> how expensive tubes are getting
I recall what tubes cost in my youth, also I was just looking at a 1938 price list.
As far as I can tell, tube prices have kept-up with the price of beer.
> magically make them last forever
Making a beer last forever might be nice....
NEW-Tube prices seem to have risen a little faster than the price of gasoline or beef, a LOT faster than the price of resistors (which dropped 1970-2000), a lot slower than the price of cigarettes, a little slower than the price of cars.
On average, new-tube prices relative to your other expenses and vices have not changed much in decades.

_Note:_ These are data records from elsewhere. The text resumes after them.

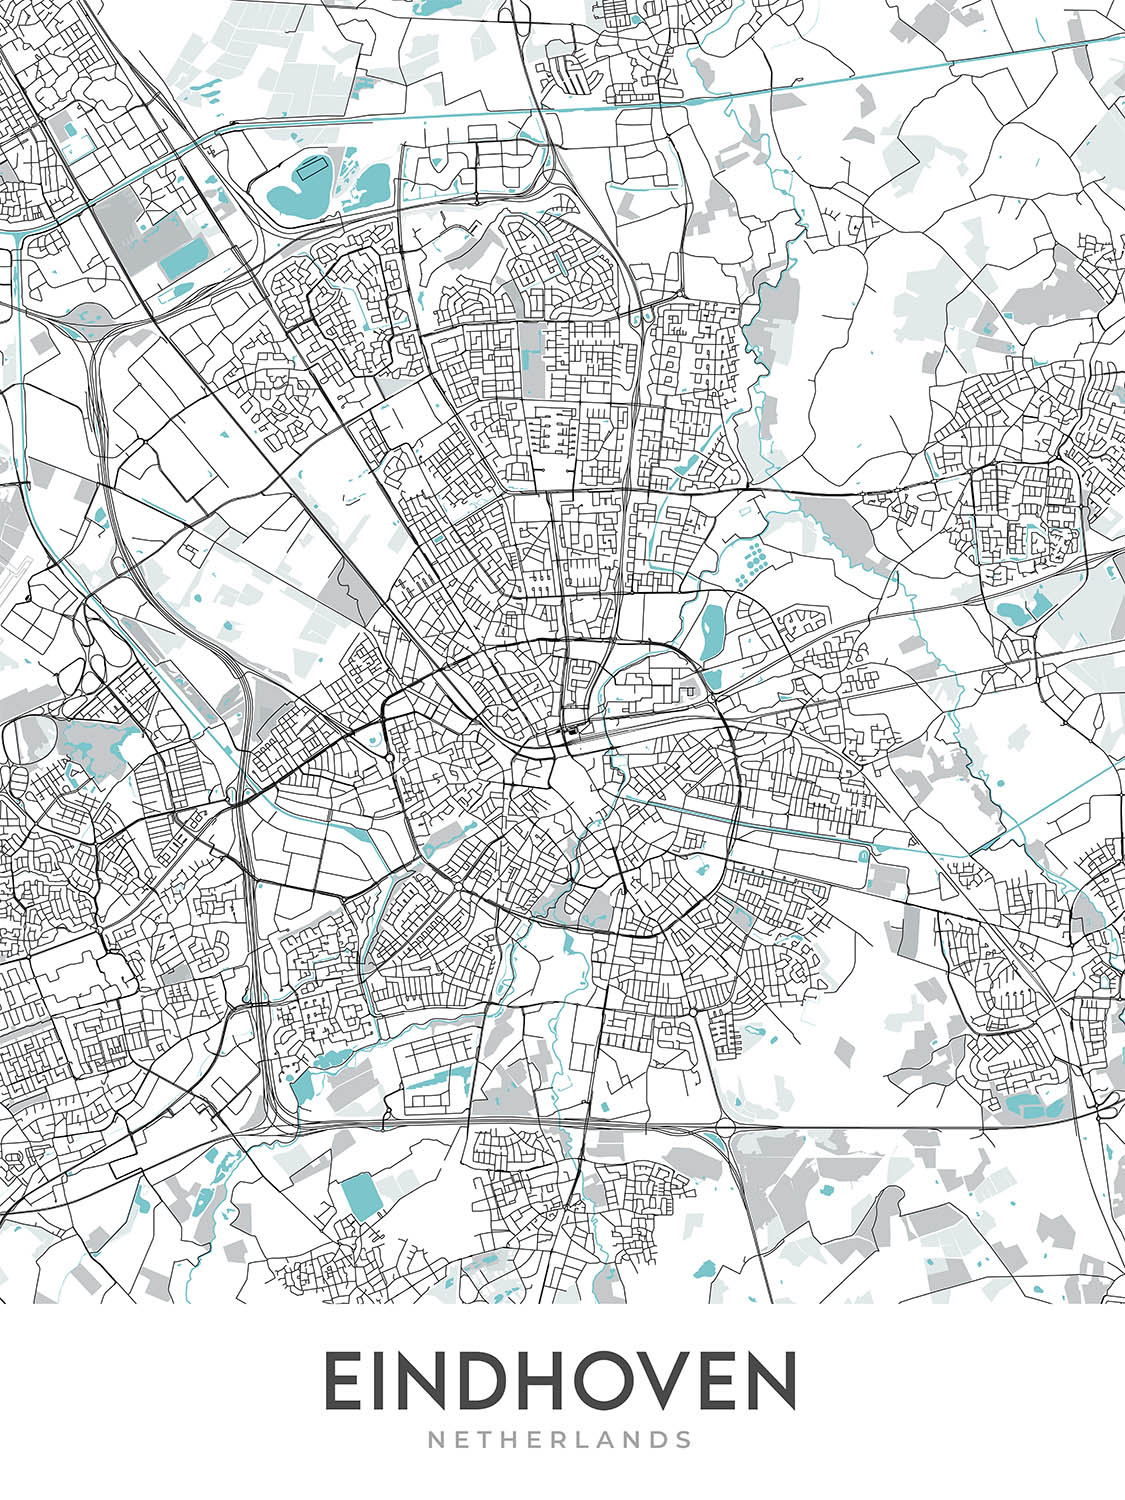 Mapa moderno de la ciudad de Eindhoven, Países Bajos: Centrum, Philips Stadion, A2, A67, Tongelre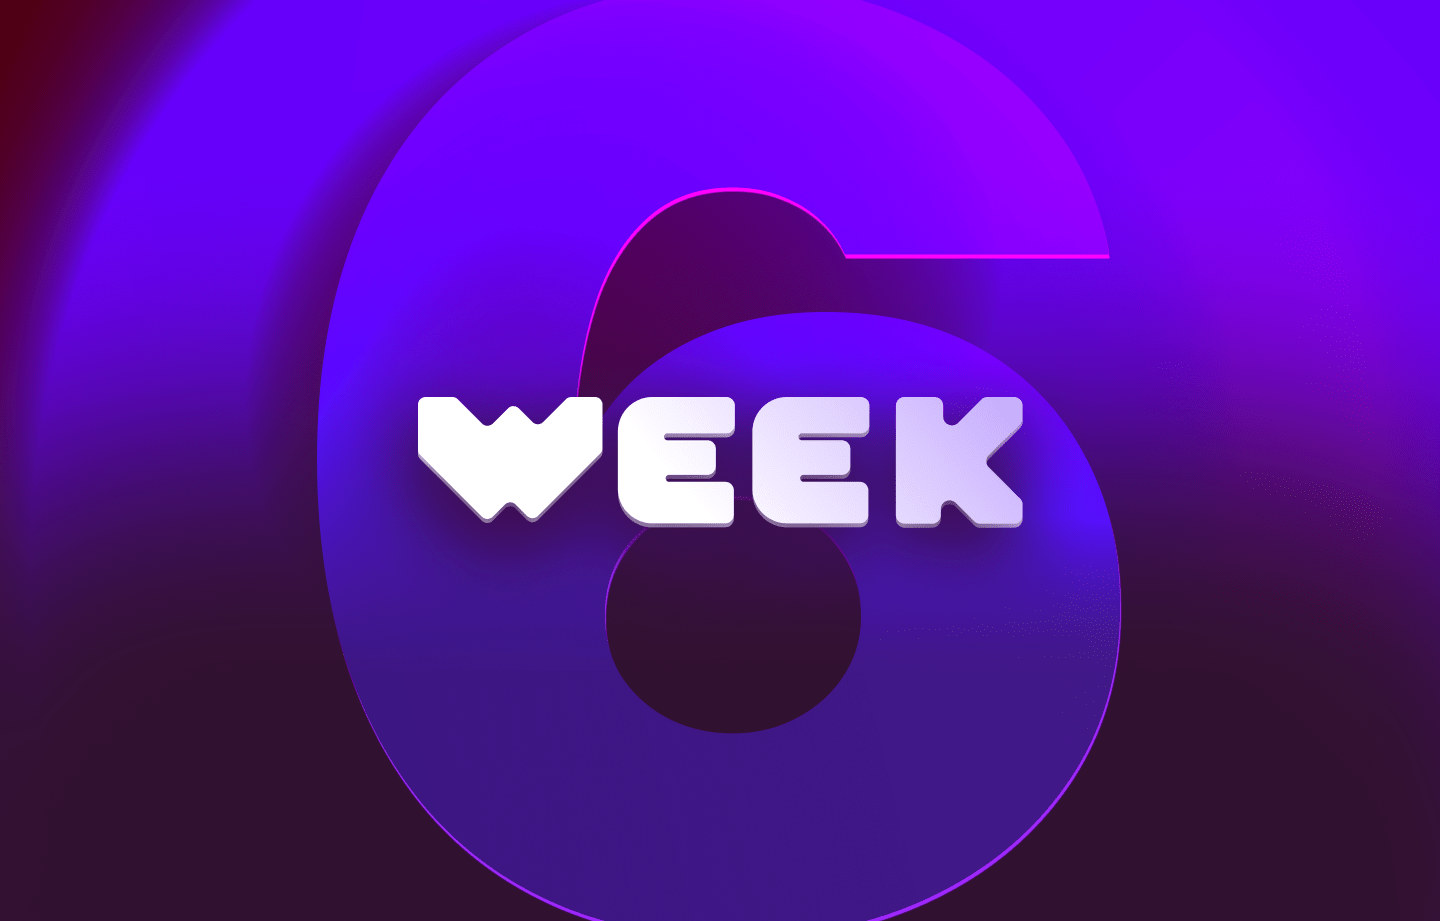 This week in web3 #6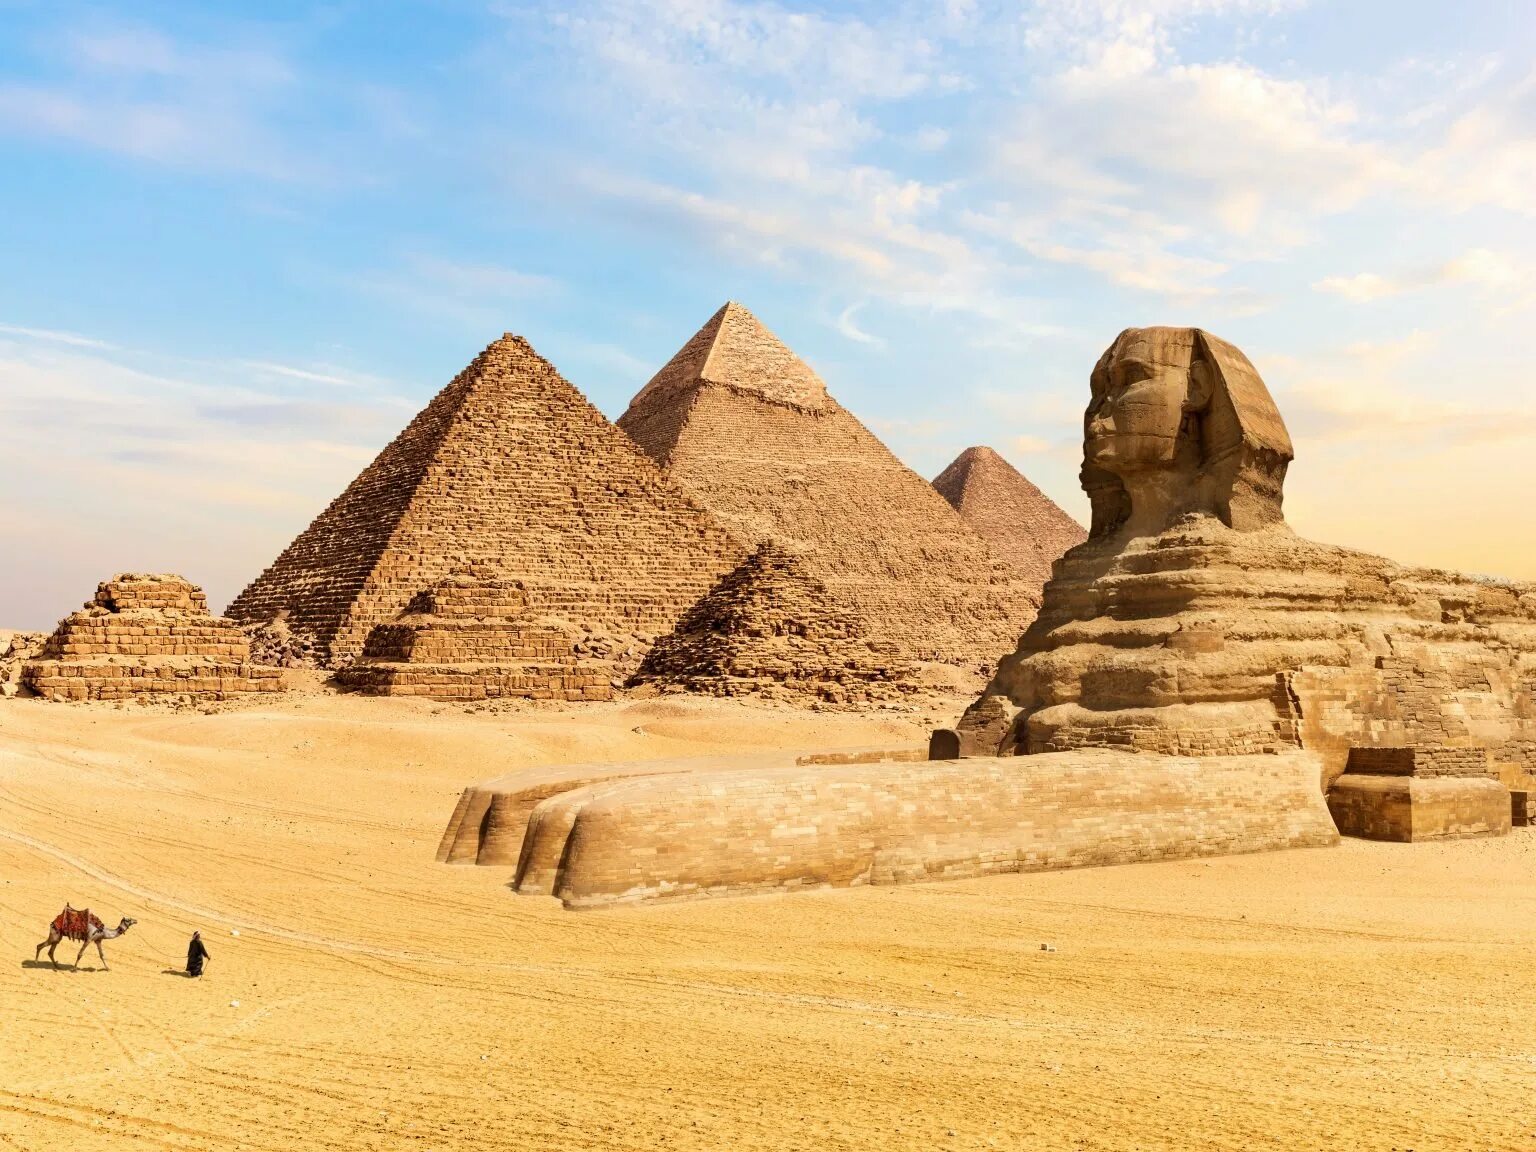 Misr piramidalari haqida. Пирамиды Гизы (Каир). Пирамида Гиза Египет. Пирамида Хеопса Каир. Пирамиды Гизы и сфинкс в Египте.

> magically make them last forever
Heater failure is usually not why we discard a tube. Yes, I have heard of brand-new tubes apparently suffering heater failure in the first hour; these were just made bad, nothing you can do. We discard 12AX7 because we throw the amp in/out of the Econoline so hard the little bits loosen up and rattle microphonically. We discard 6L6 because we run 500V to get 50W out of a pair of 360V tubes good for 36W (or, again, because they were made bad). This actually makes sense to professional musicians: maximum racket in the least weight and up-front cost is worth regular re-tubing. Stage-amp tube-costs come to around 10 cents an hour, less than the cost of strings, picks, and shirt-laundry. Less-over-stressed tube applications will have even lower costs, and hopefully higher hourly value.
> really expensive unobtainium tubes (300Bs, 348A's, 45's, 1603's, etc)
Right. If you "must" use an HK257 (large sweet power pentode) in your Champ, you have to fight for the very few ever made 50+ years ago. Like buying a Packard, except you can re-ring and paint-up a Packard, we don't rebuild small bottles.